As well as the overall refinement of the image and the elegant calligraphic lines of the robe and the shawl, there are several other elements worth exploring. The colour balance is exceptional: the green of the shawl is picked up again in the birds within the textiles; the pale blue of the hat is picked up again in the cloudbands and some of the rocks and flowers in the textile; the orange of the collar is picked up again in the knotted scarf tied round his hat and the second sash round his waist; the darker blue/lavender is used in the waistband, the undershirt, the lower flowers in the textile and the lining of the robe (which is visible at the lower corner where it is turned back); the red of the shoes is picked out in the tiny crests of the birds; and the paler gold is used in the majority of rocks in the textile, in the tray holding the cups and in the background landscape. Reza skilfully conveys a subtle sense of movement and spontaneity through the fact that the shawl is slipping off the youth’s right shoulder. A second such element comes in the lower corners of the robe, which have fluttered back revealing the lining, as if a gentle breeze is blowing from the left, a sense reinforced by the scudding cloudbands in the sky. Finally, the birds in the textile, two flying and two perched on the ground, are actively engaged with each other across the folds of garment and animatedly conversing.

It is noticeable that the birds consist of two pairs.
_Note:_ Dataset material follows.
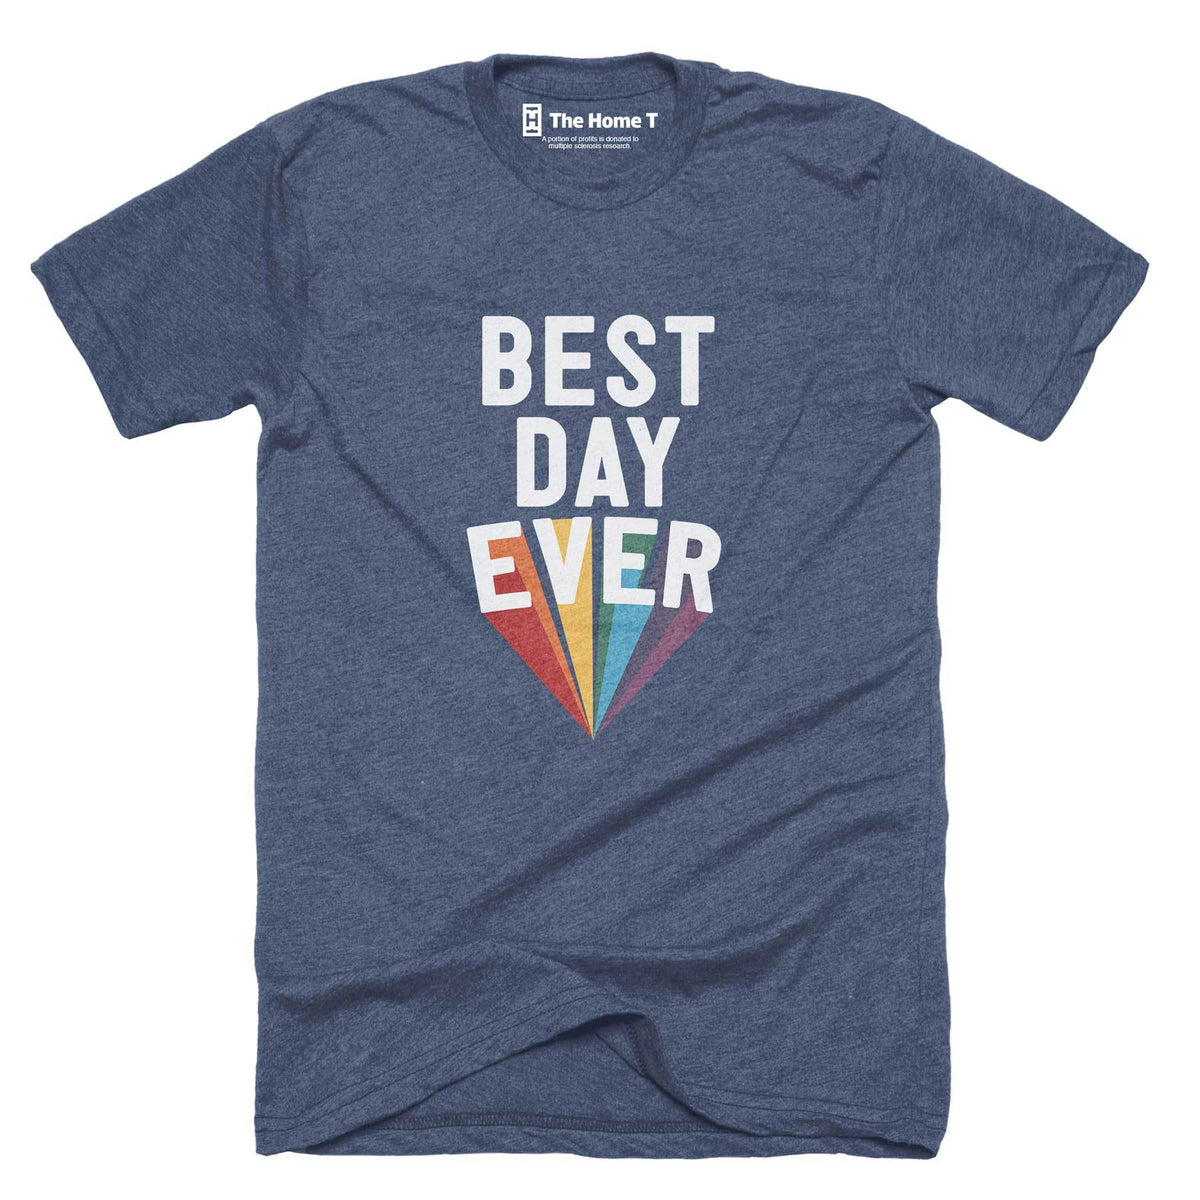 Best Day Ever Crew neck The Home T S Navy

The inclusion of pairs of birds was a visual trope in Persian and Indian painting (and other traditions) often symbolising romance and fidelity. Canby stated that Reza’s works such as this may have been intended as visual analogies for Persian poems of yearning for the absent beloved, both earthly and divine (Canby 1998, p.76), and it is tempting here to see the pairs of birds as well as the absent person to whom the youth is offering the cup as being subtle symbols of this romantic ideal – the painful absence of union in the human contrasted with the natural union of the pairs of birds.
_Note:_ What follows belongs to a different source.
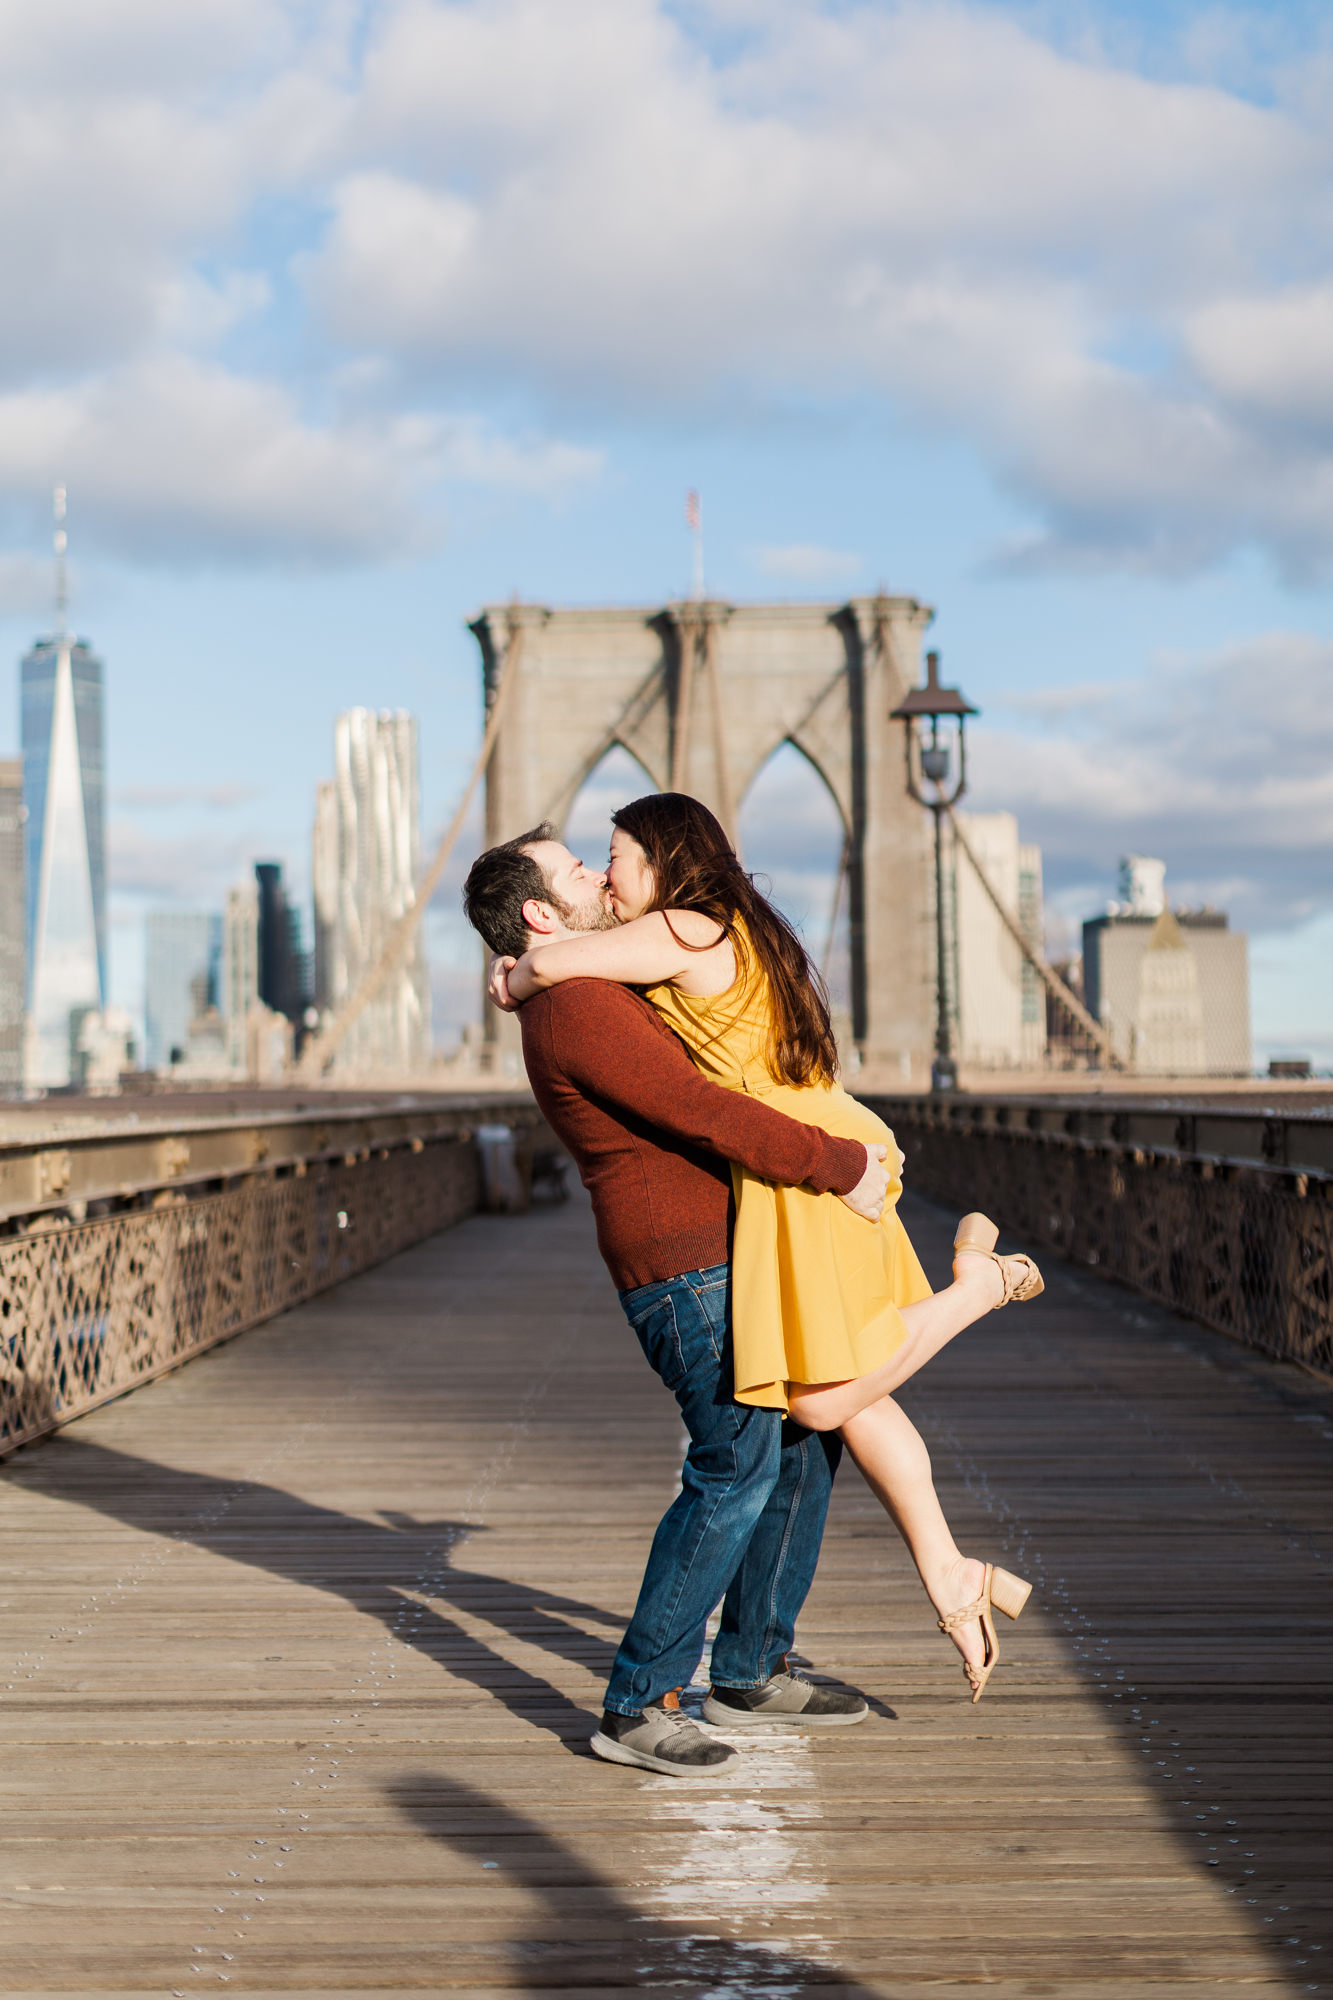 Romantic Brooklyn Bridge Engagement Photography with Matching Outfits

Reza painted other similar portraits in this period. One, in the Bibliothèque Nationale, Paris (MS. Suppl. Pers.1572, fol.8, see Richard 1997, p.205, no.150; Canby 1996, cat.117, p.198) is particularly close to the present example in pose, hat and garments, although the Paris figure is holding a bottle and cup across his body rather than a tray and cups, lacks the long shawl, and his robe is less ornate. Comparison of the present portrait with the Paris example shows how important the use of the lavish “inhabited” textile and the half-slipping shawl are in enlivening the present figure, which has a much greater sense of luxury and animation than the Paris version.